* WHAT THIS TASK INVOLVES *
Your reply should reproduce all the data below exactly while excluding the pictures.
*** Opening SUPPLIED MATERIAL ***
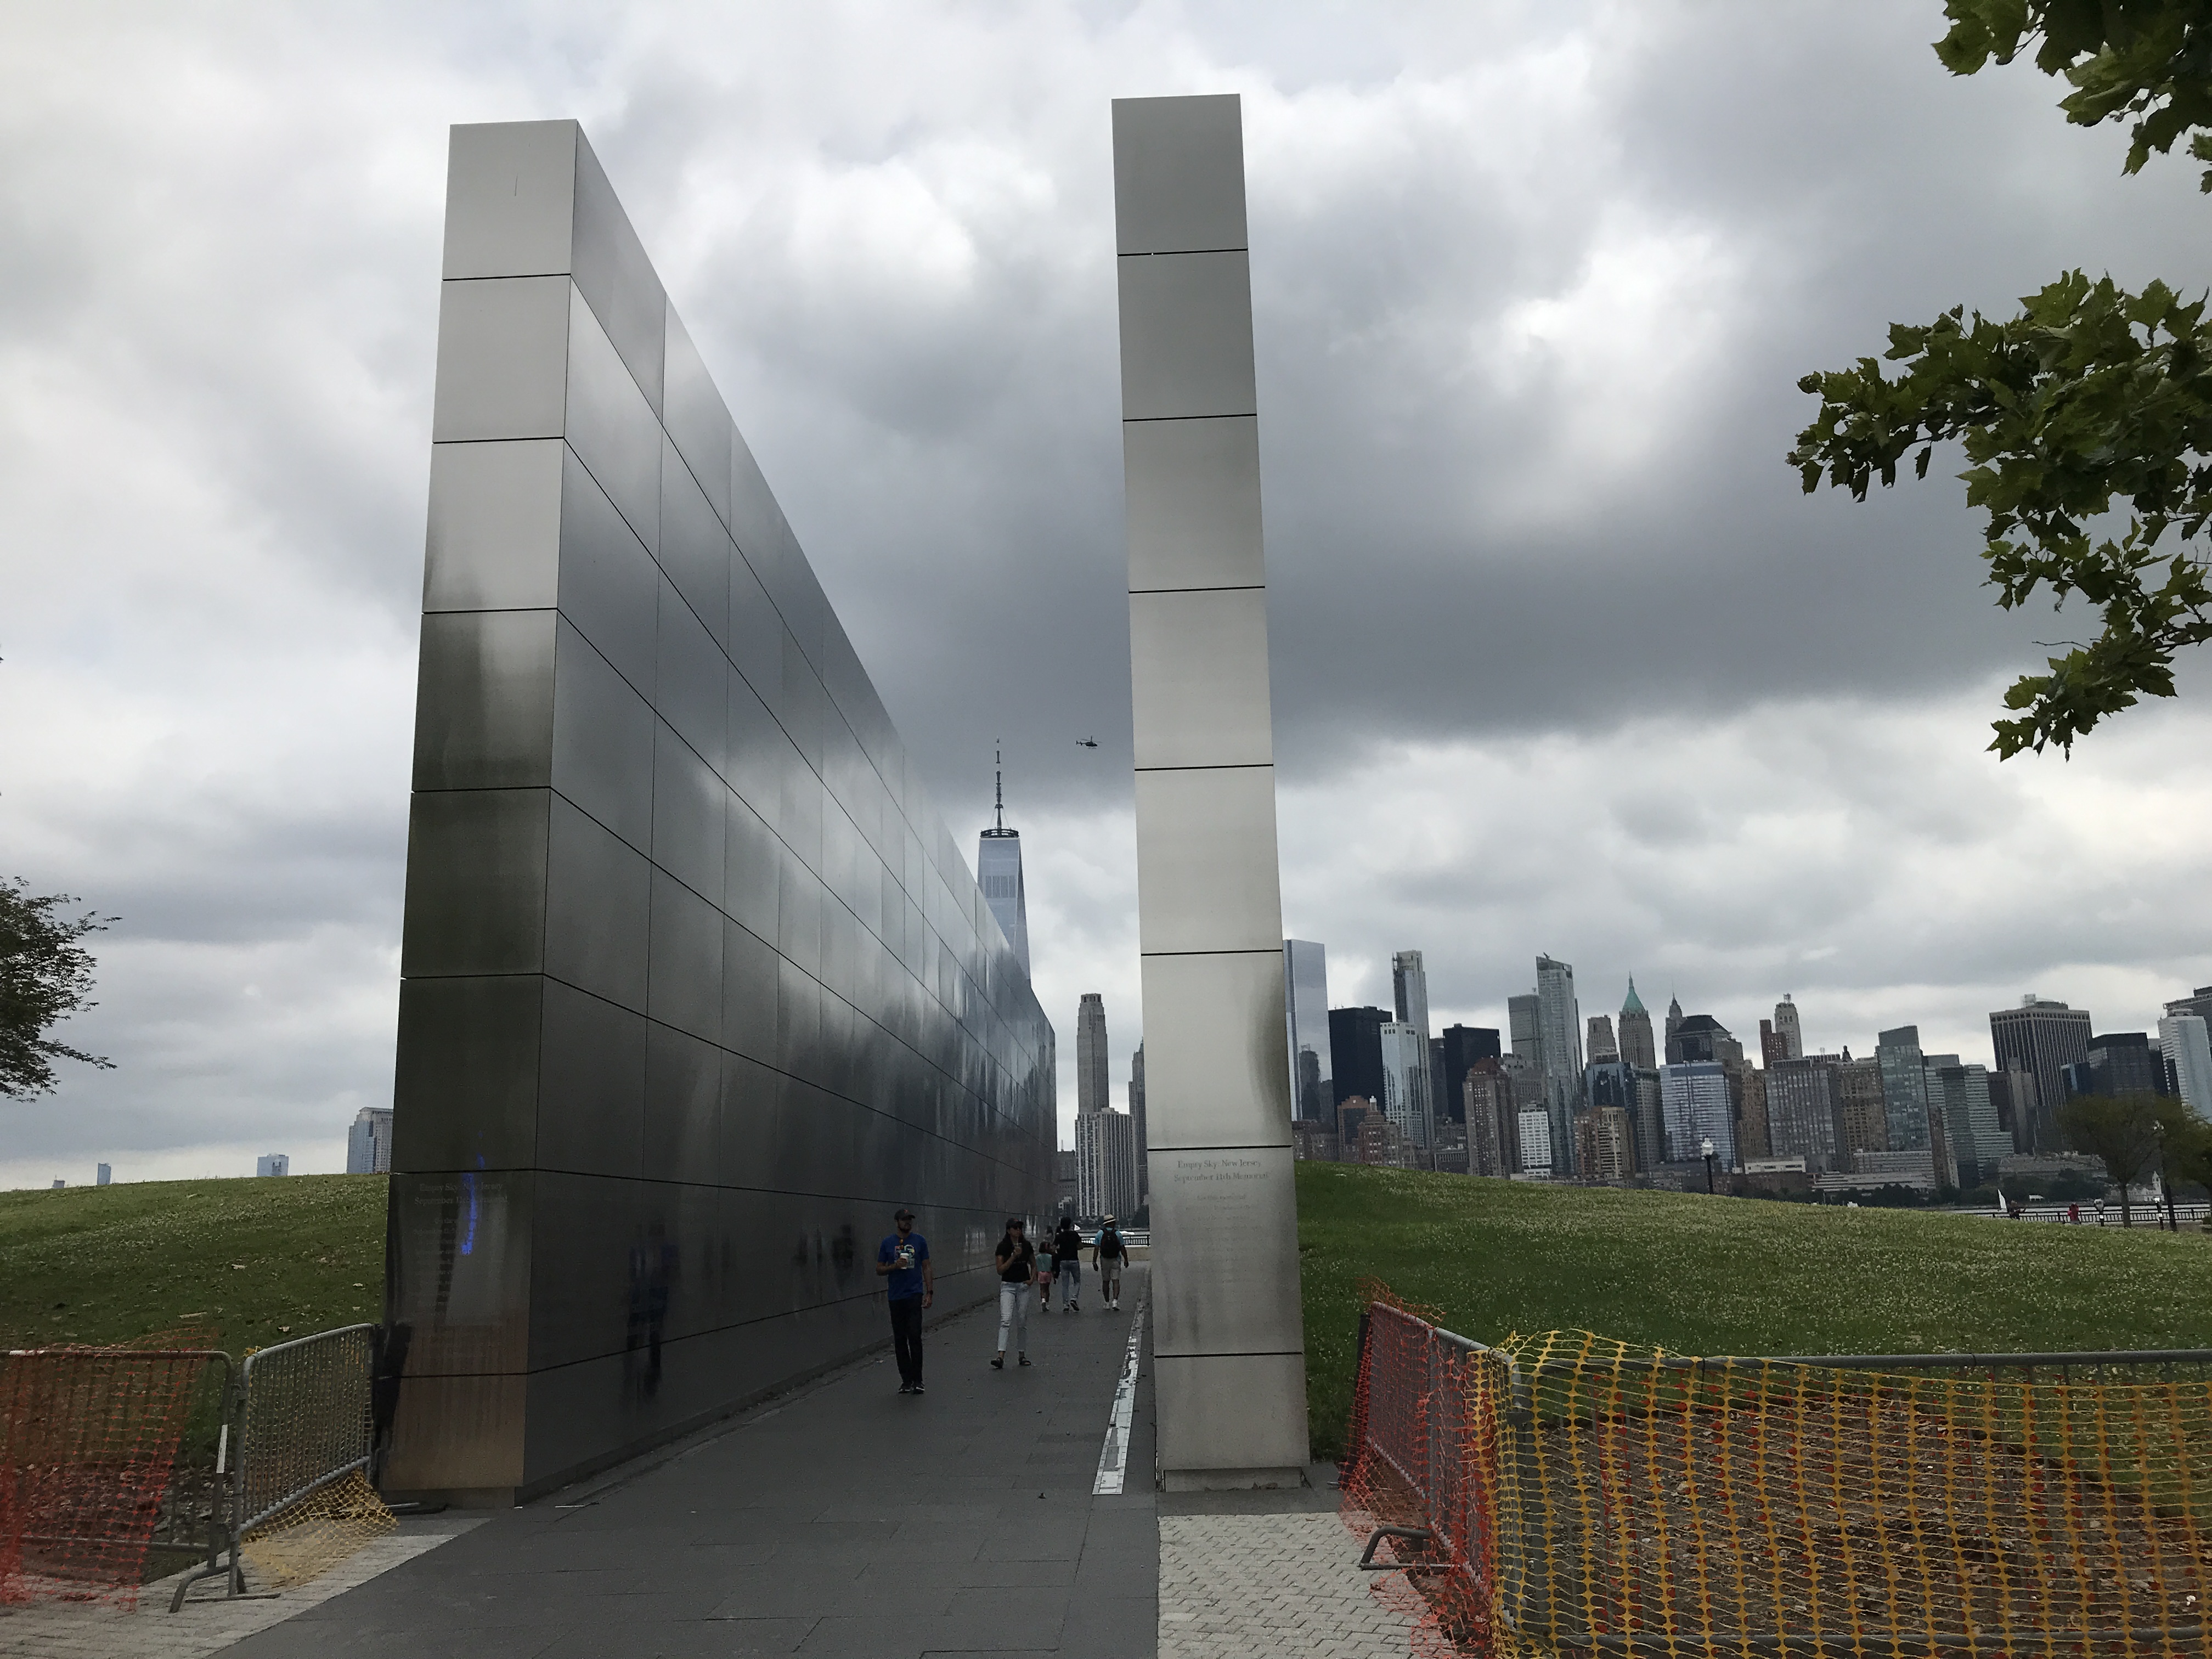 The Empty Sky Memorial has two long rectangular stainless steel walls with the New York City skyscrapers in the background. Sky has dark cloud coverage. Jersey City, New Jersey, United States
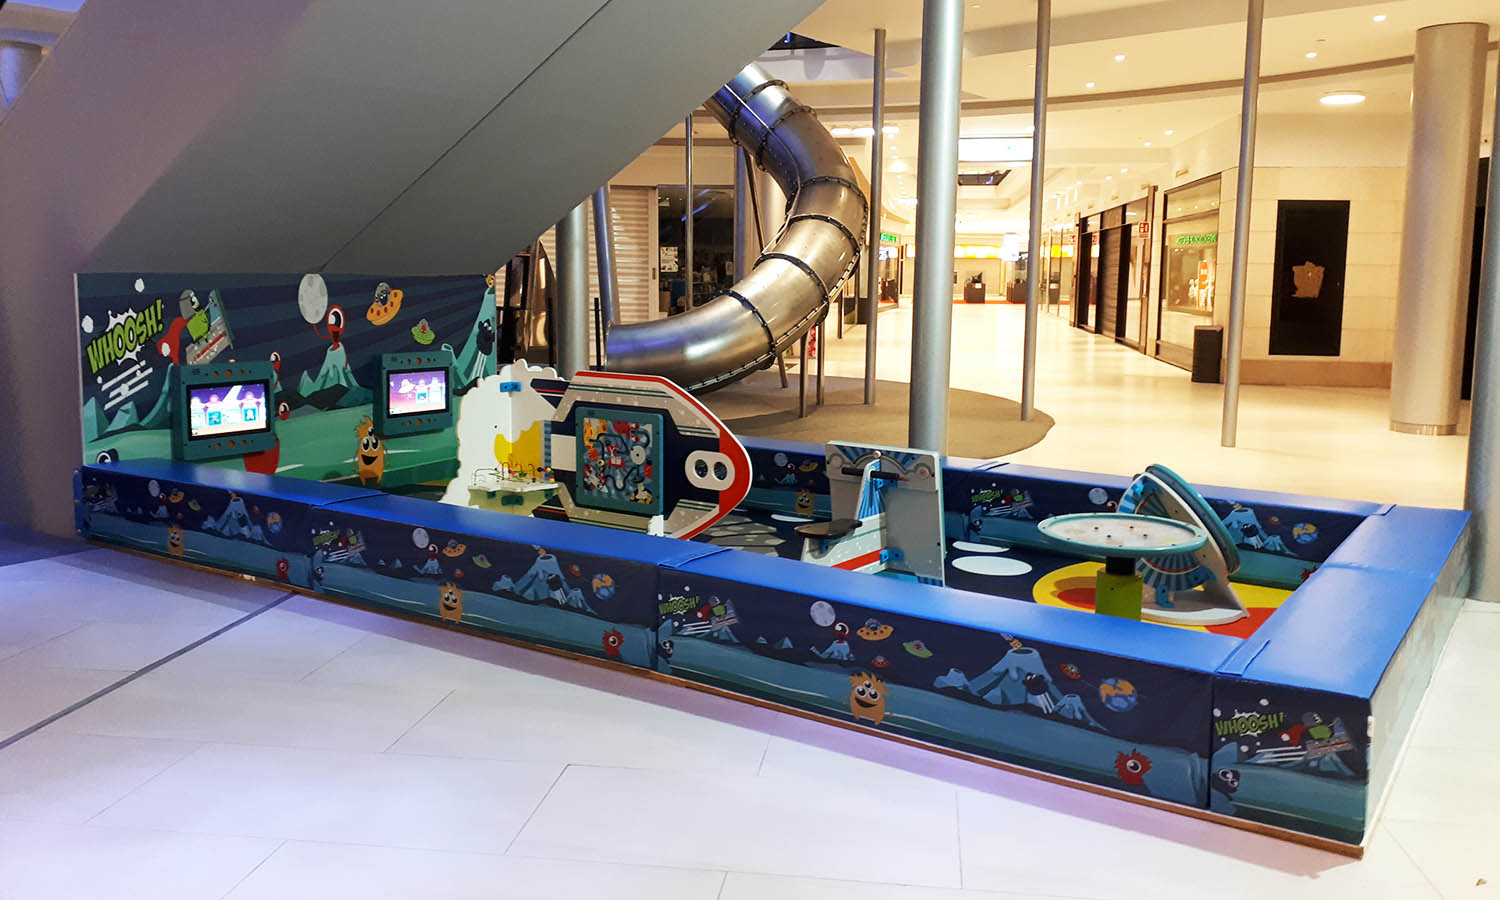 This image shows a custom kids corner within a shopping center in Spain
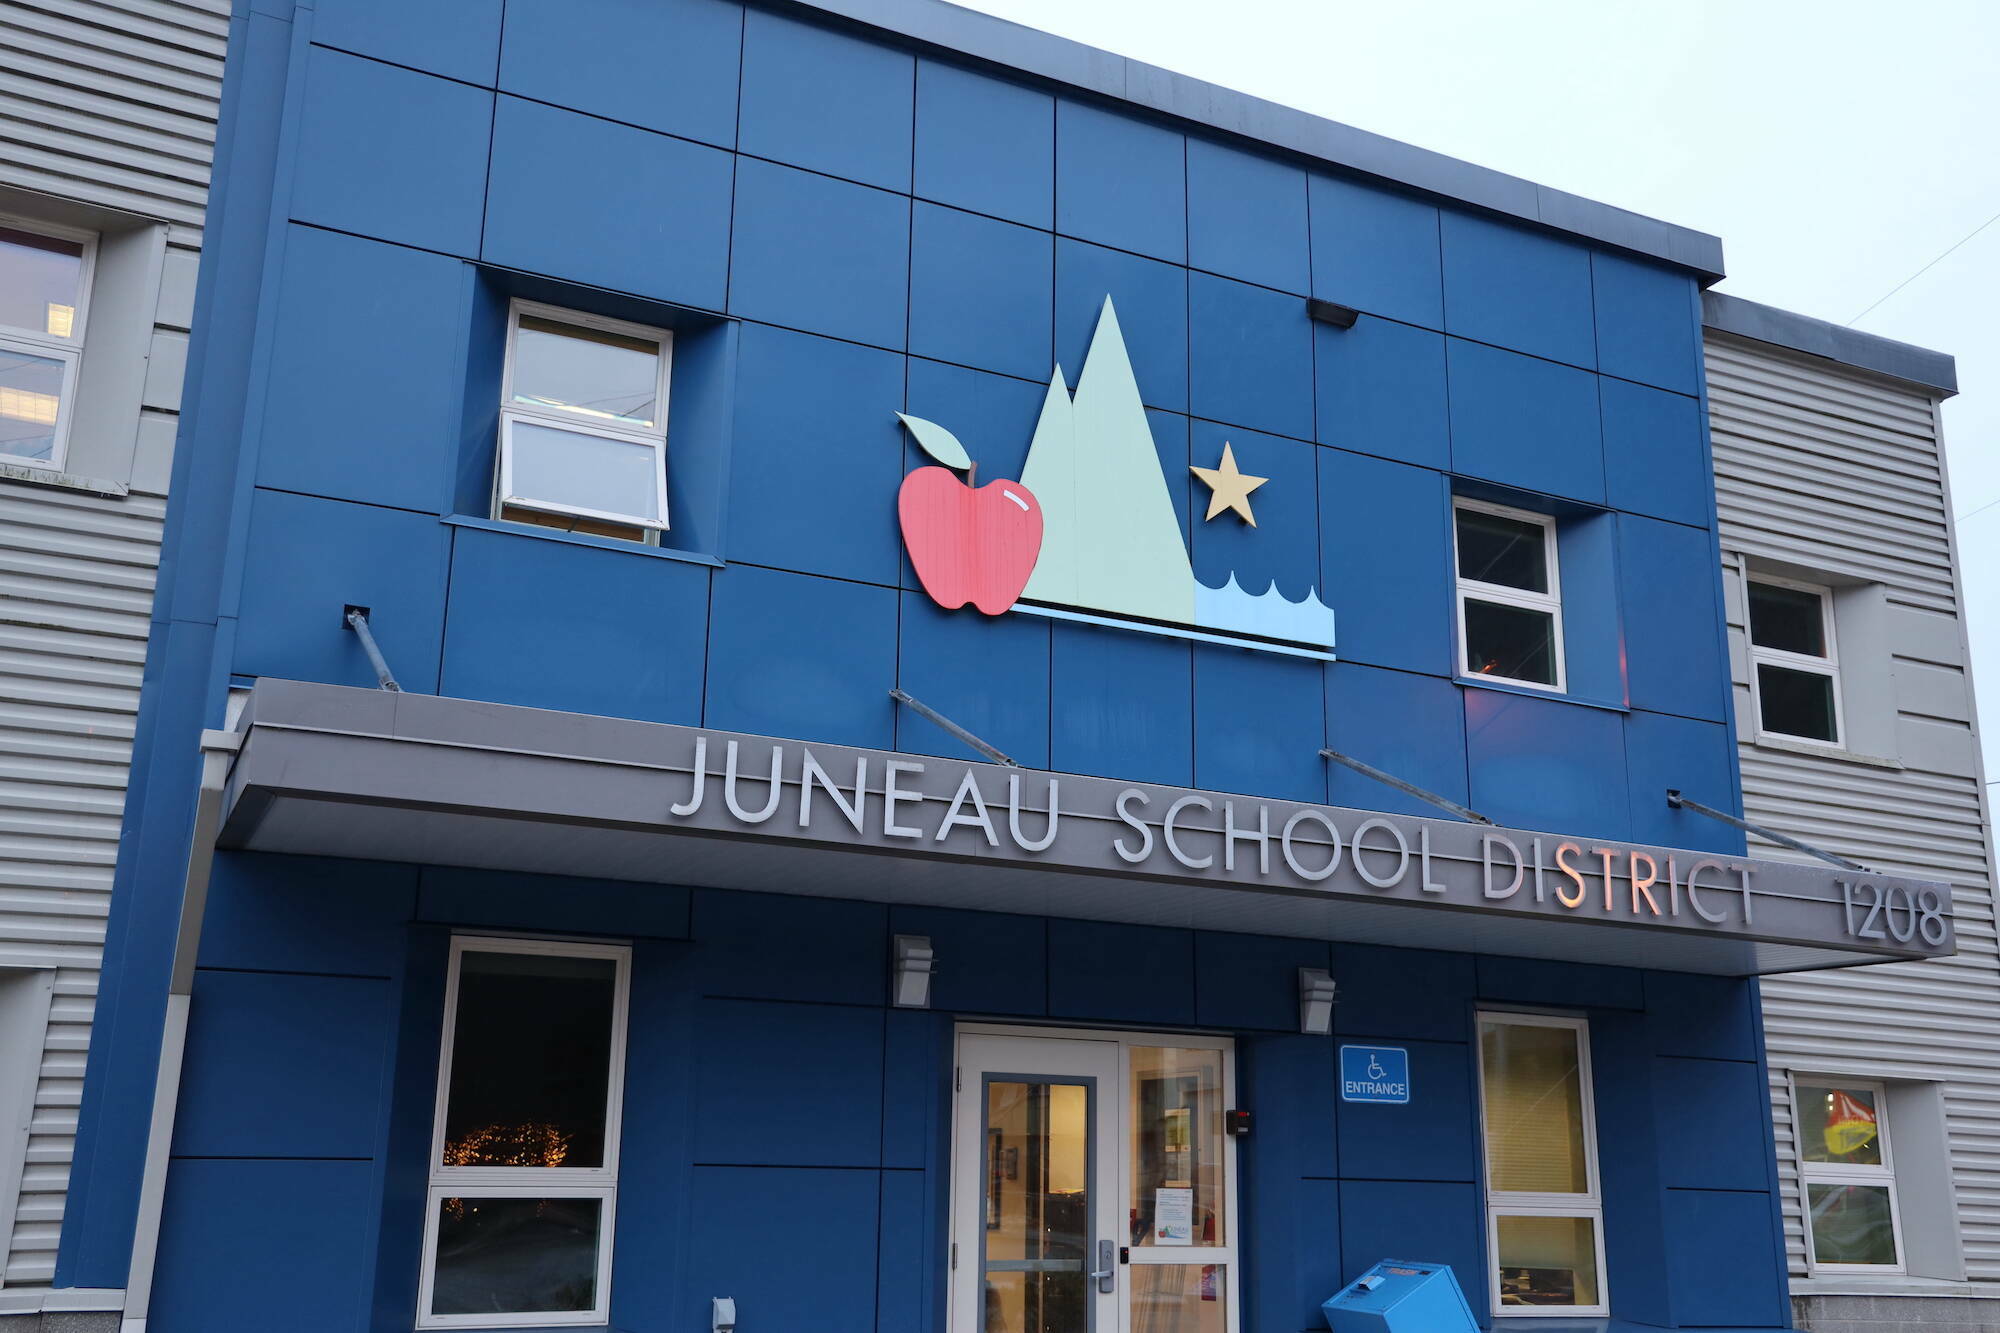 Leaders at the Juneau School District learned during the past week the district is facing a $9.5 million deficit during the current fiscal year that ends June 30. (Clarise Larson / Juneau Empire file photo)
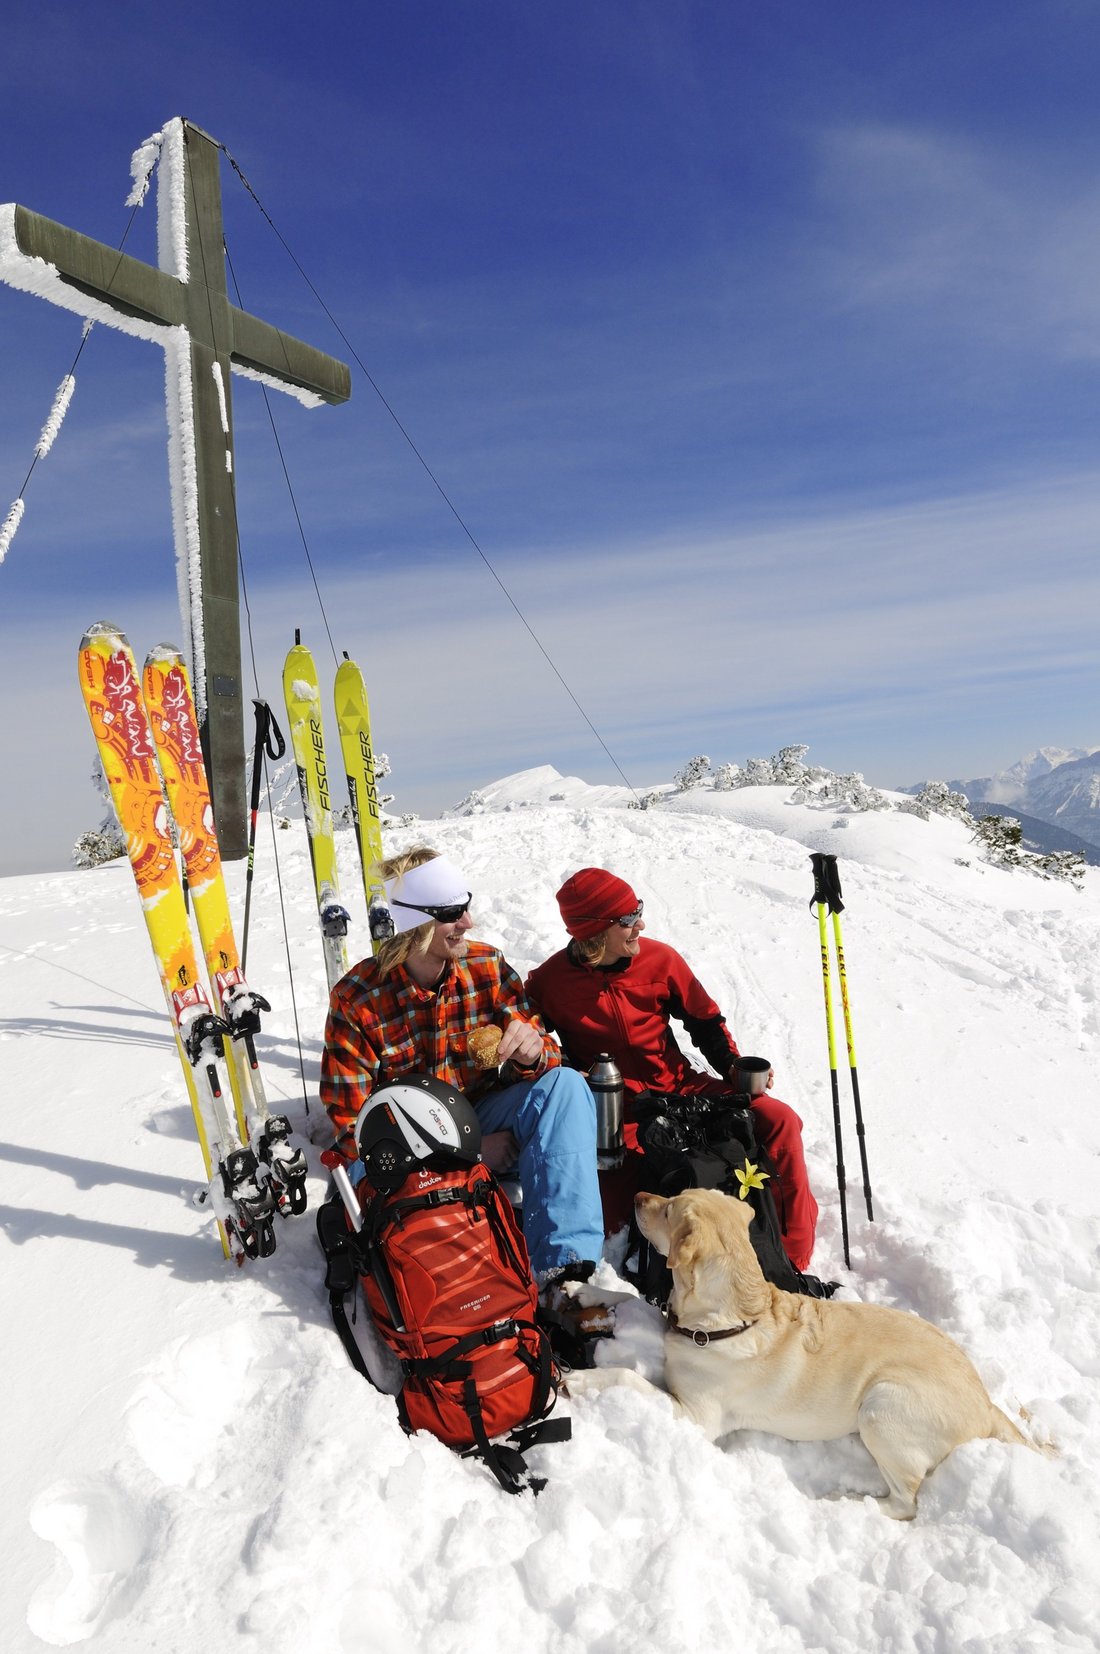 Ski tour and happiness on the summit
*** Closing SUPPLIED MATERIAL ***
* EXPECTED OUTPUT *
 The Empty Sky Memorial has two long rectangular stainless steel walls with the New York City skyscrapers in the background. Sky has dark cloud coverage. Jersey City, New Jersey, United States
 This image shows a custom kids corner within a shopping center in Spain
 Leaders at the Juneau School District learned during the past week the district is facing a $9.5 million deficit during the current fiscal year that ends June 30. (Clarise Larson / Juneau Empire file photo)
 Ski tour and happiness on the summit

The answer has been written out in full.